*** Begin section ***

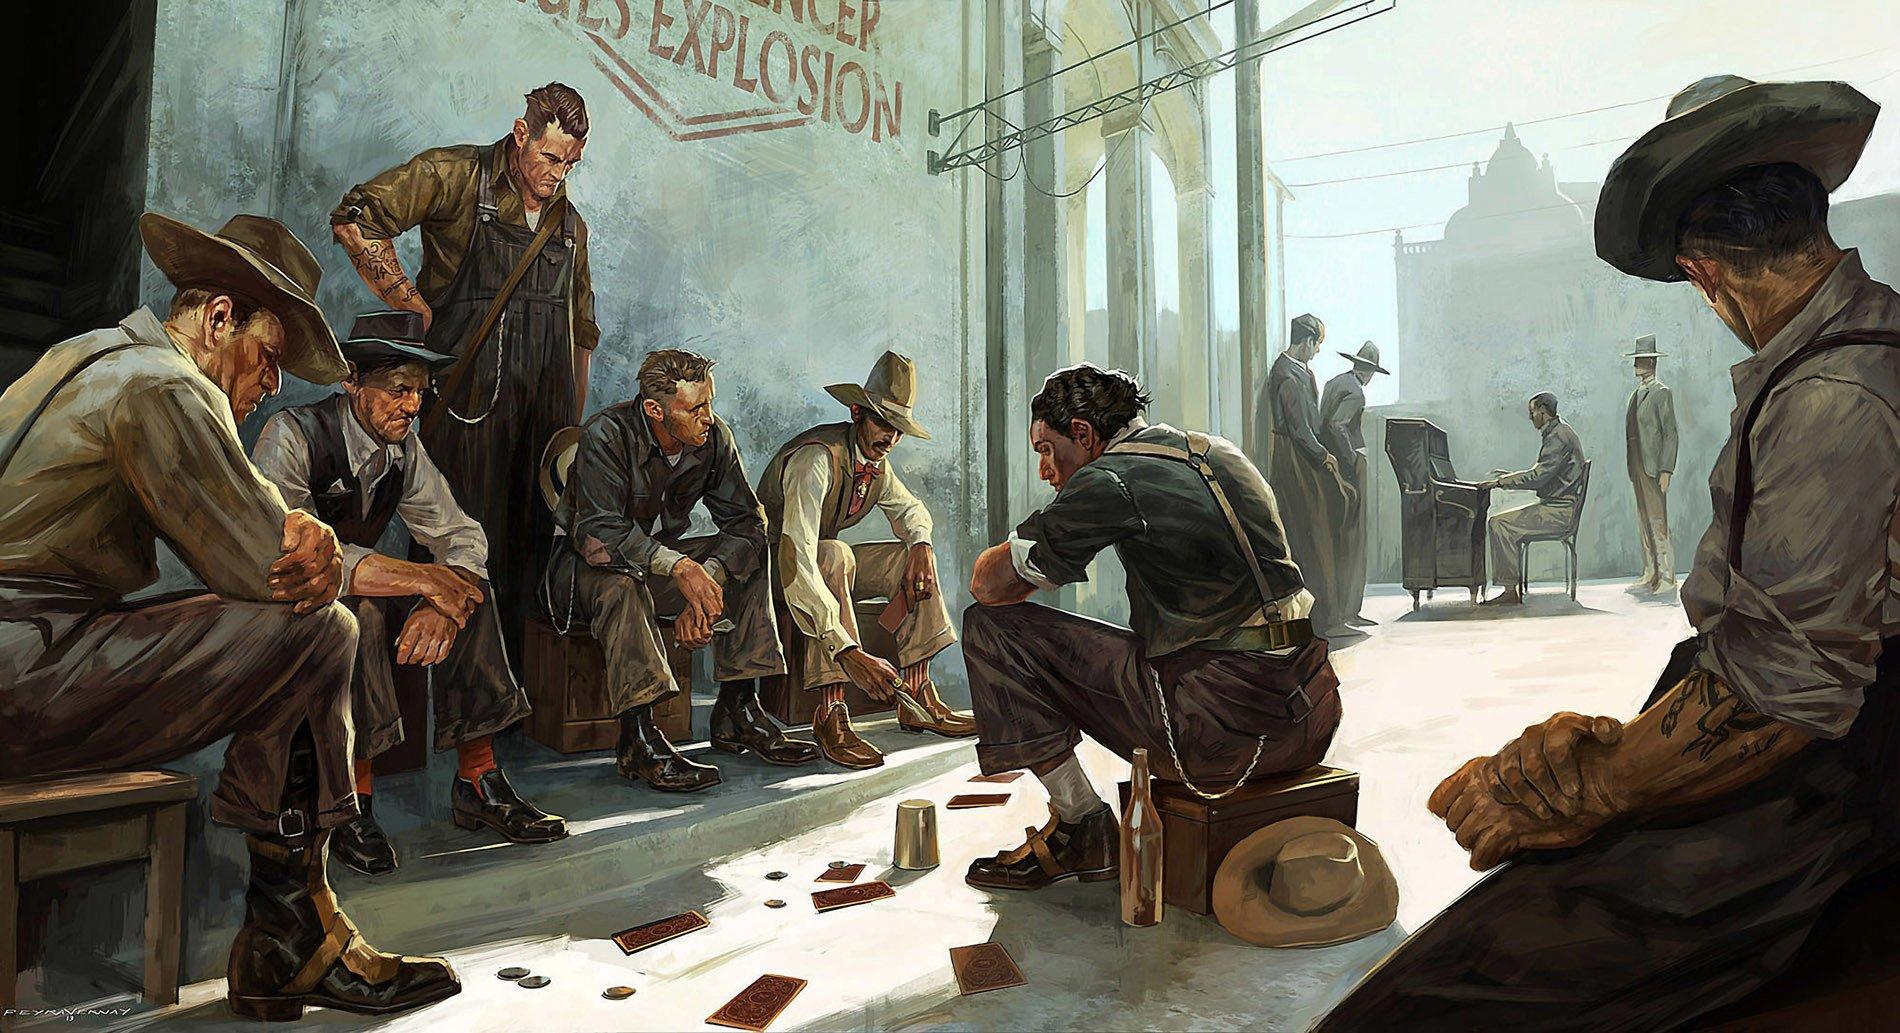 артбук искусство dishonored 2 отвратительные мужики disgusting men
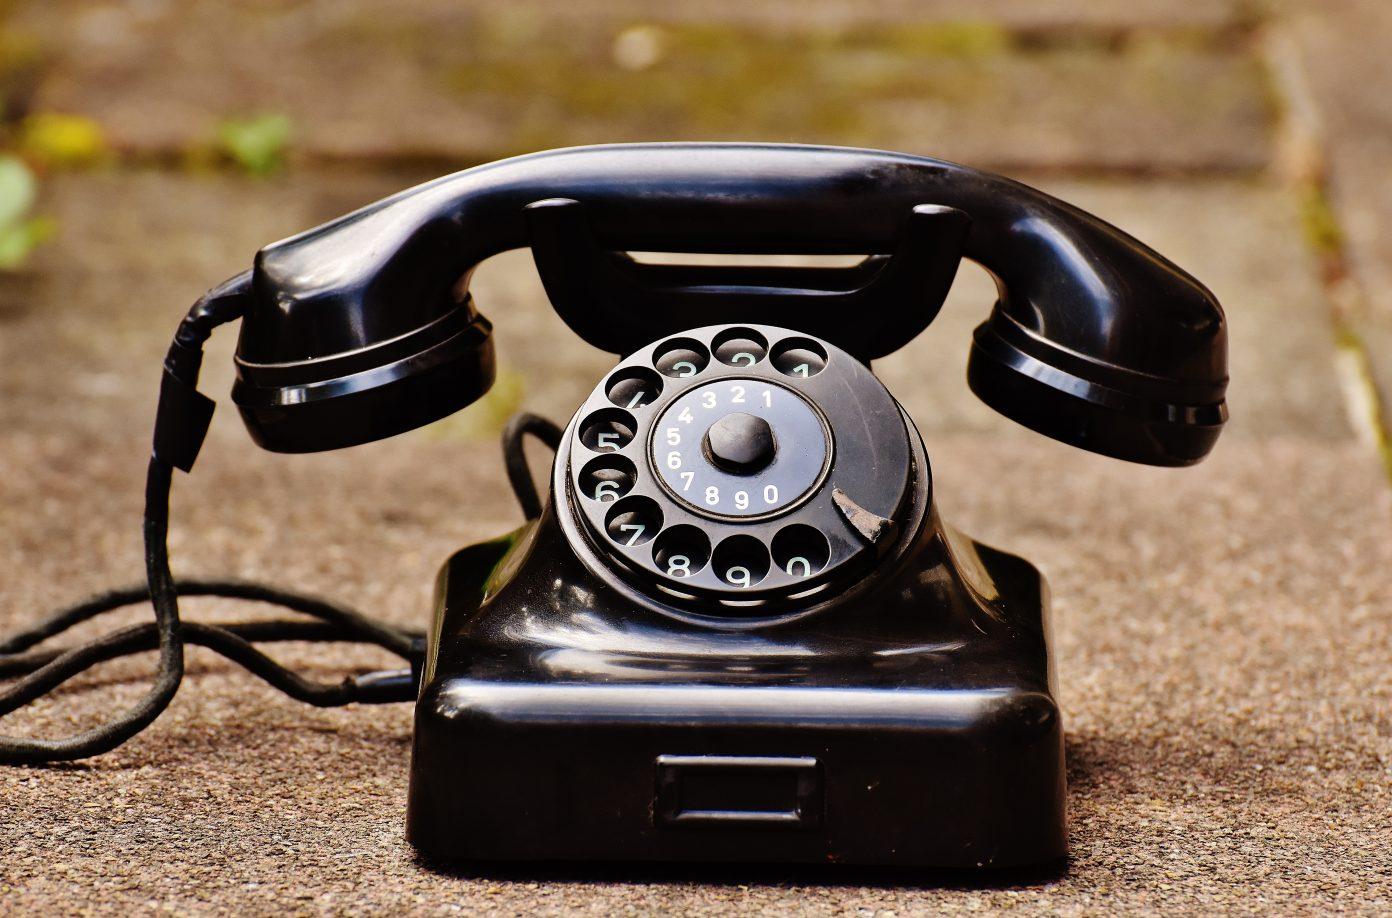 Қазақстан жаңа телефон кодына қашан ауысады?
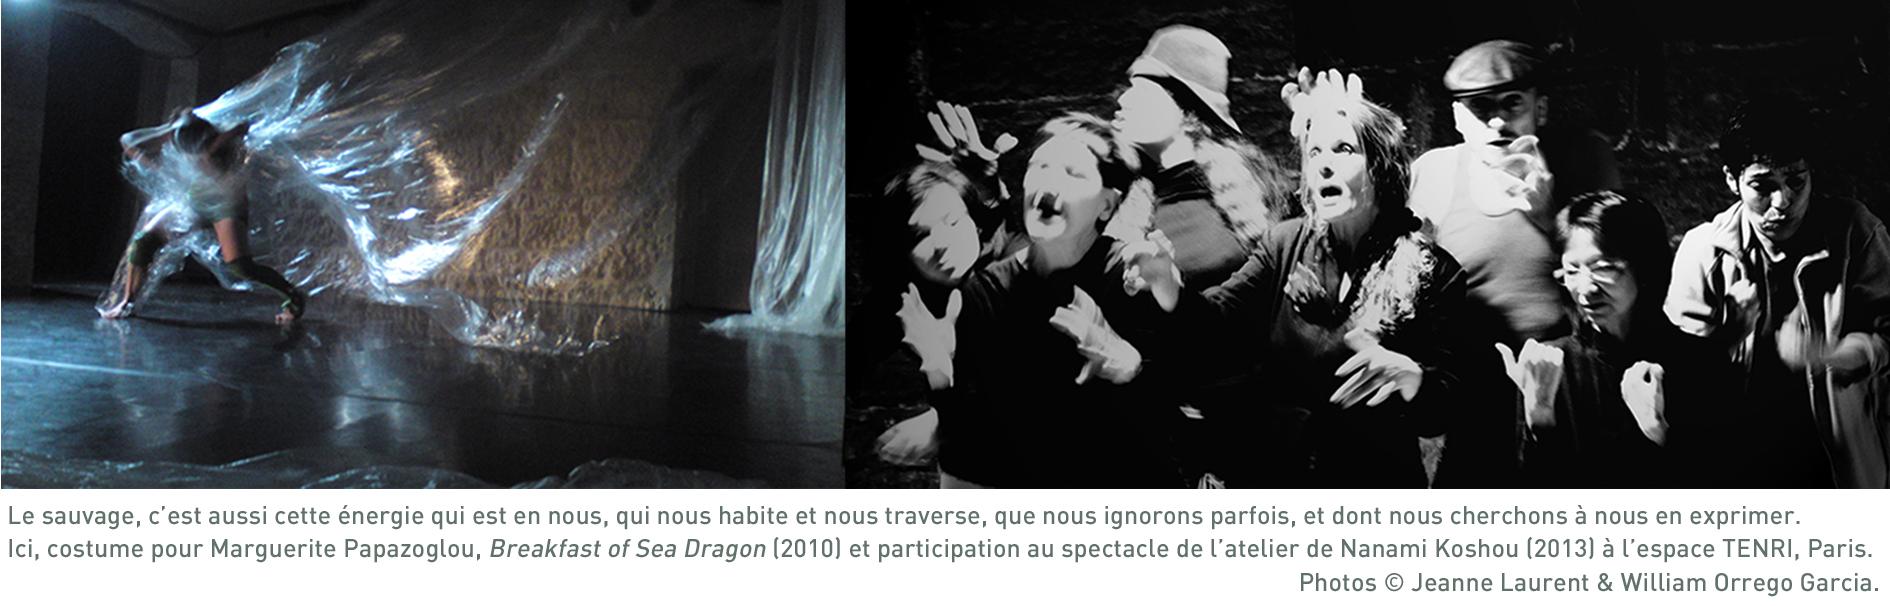 Jeanne Laurent Paris_Marguerite Papazoglou & atelier NanamiKoshou_Espace TENRI_photos J.Laurent&W.OrregaGarcia
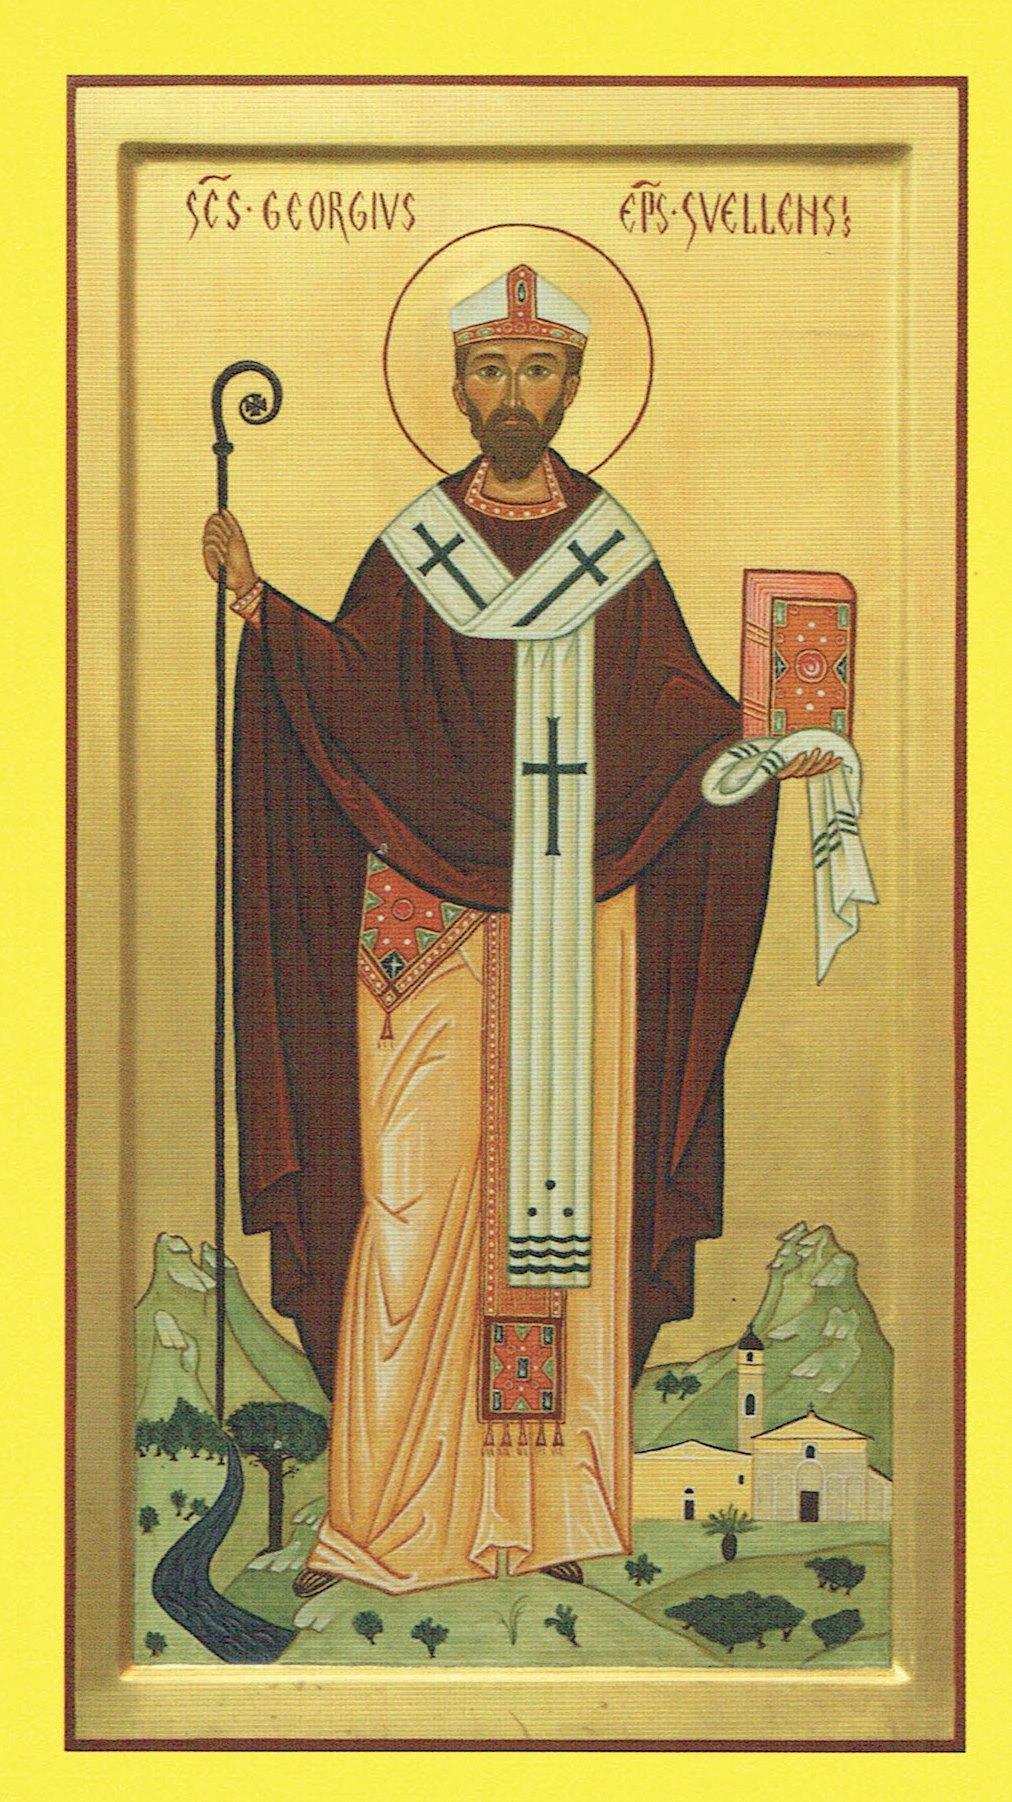 San Giorgio Vescovo

*** End section ***

With the pictures omitted, print each line of the data above precisely as given.

Result below
 артбук искусство dishonored 2 отвратительные мужики disgusting men
 Қазақстан жаңа телефон кодына қашан ауысады?
 Jeanne Laurent Paris_Marguerite Papazoglou & atelier NanamiKoshou_Espace TENRI_photos J.Laurent&W.OrregaGarcia
 San Giorgio Vescovo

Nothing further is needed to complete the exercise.